Il gioco libero e l’ambiente preparato
Nel primo settennio, il gioco è una attività vitale del bambino. Nelle scuole Waldorf, gli spazi sono pensati per stimolare la fantasia e il movimento:
– Materiali naturali (legno, lana, seta) invitano alla creatività e sono determinanti per un sano sviluppo dei sensi.
– I giocattoli sono semplici e non definiti, per lasciare spazio all’immaginazione.
– Il gioco non è diretto dall’adulto, ma osservato con amore e rispettato.
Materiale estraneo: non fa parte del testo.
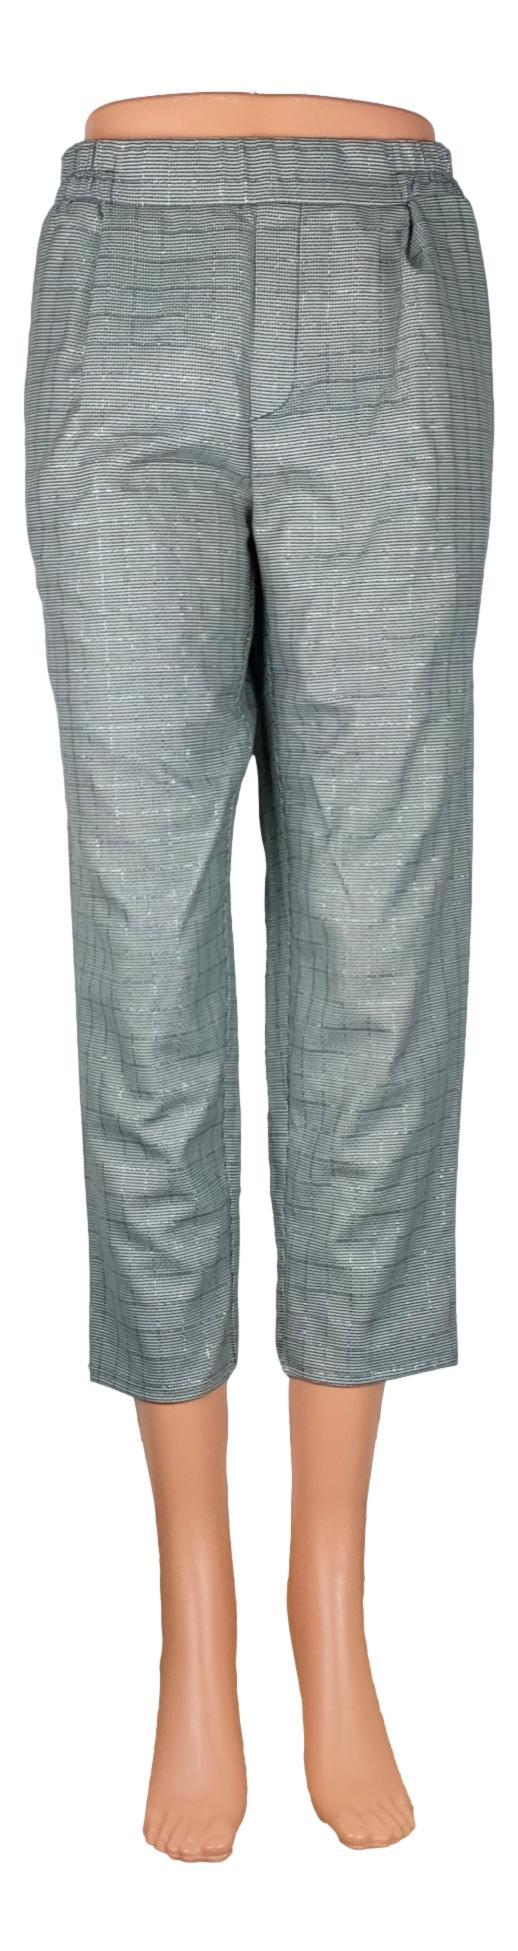 Pantalon Tally Weijl - Taille 42
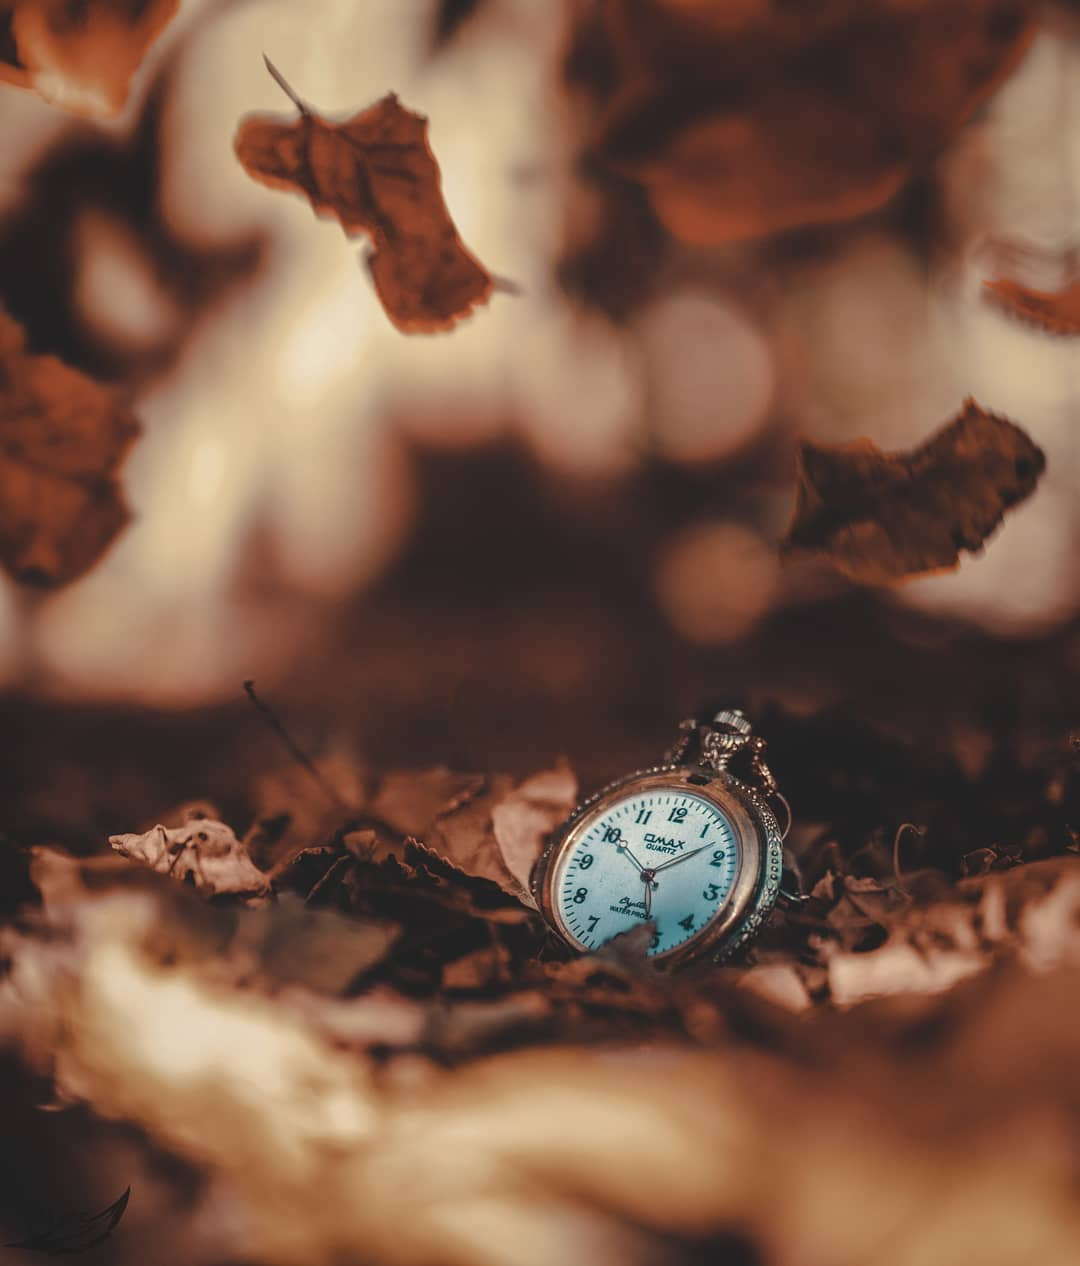 Фото Карманные часы в осенней листве, by hossein mahmoudpour

Attraverso il gioco, il bambino elabora esperienze, sviluppa la volontà e costruisce relazioni, impara a testare i propri limiti sotto lo sguardo del Maestro.
Le fiabe: nutrimento per l’anima
Ogni giorno, l’insegnante racconta una fiaba tradizionale, senza dare spiegazioni sulla trama o sui personaggi.
La parola viva, il ritmo narrativo e il contenuto simbolico agiscono profondamente sull’anima del bambino, stimolando l’immaginazione e offrendo immagini interiori che lo accompagnano nel suo sviluppo.
Educare alla libertà, non alla prestazione
Nel primo settennio non si insegna a leggere, scrivere o fare calcoli in modo formale. L’obiettivo non è anticipare l’intelletto, ma rafforzare la volontà, la fiducia e la gioia di vivere. Solo quando il bambino manifesta i segni della maturità scolare (inizio della seconda dentizione, cambiamento della frequenza cardiaca, maturità adeguata della motricità fine e delle competenze sociali) si apre la porta all’apprendimento cognitivo.
Il primo settennio nella pedagogia Waldorf è un invito a rallentare ( spesso ci riferiamo a questa pedagogia come alla “Pedagogia della lentezza”) osservare e rispettare il mistero della crescita. È un’educazione che non forma solo studenti, ma esseri umani liberi, con adeguate forze vitali che possono essere impegnate con profitto in tutti gli ambiti affinché questi siano pronti ad affrontare con creatività le sfide del loro futuro e di quello dell’ Umanità.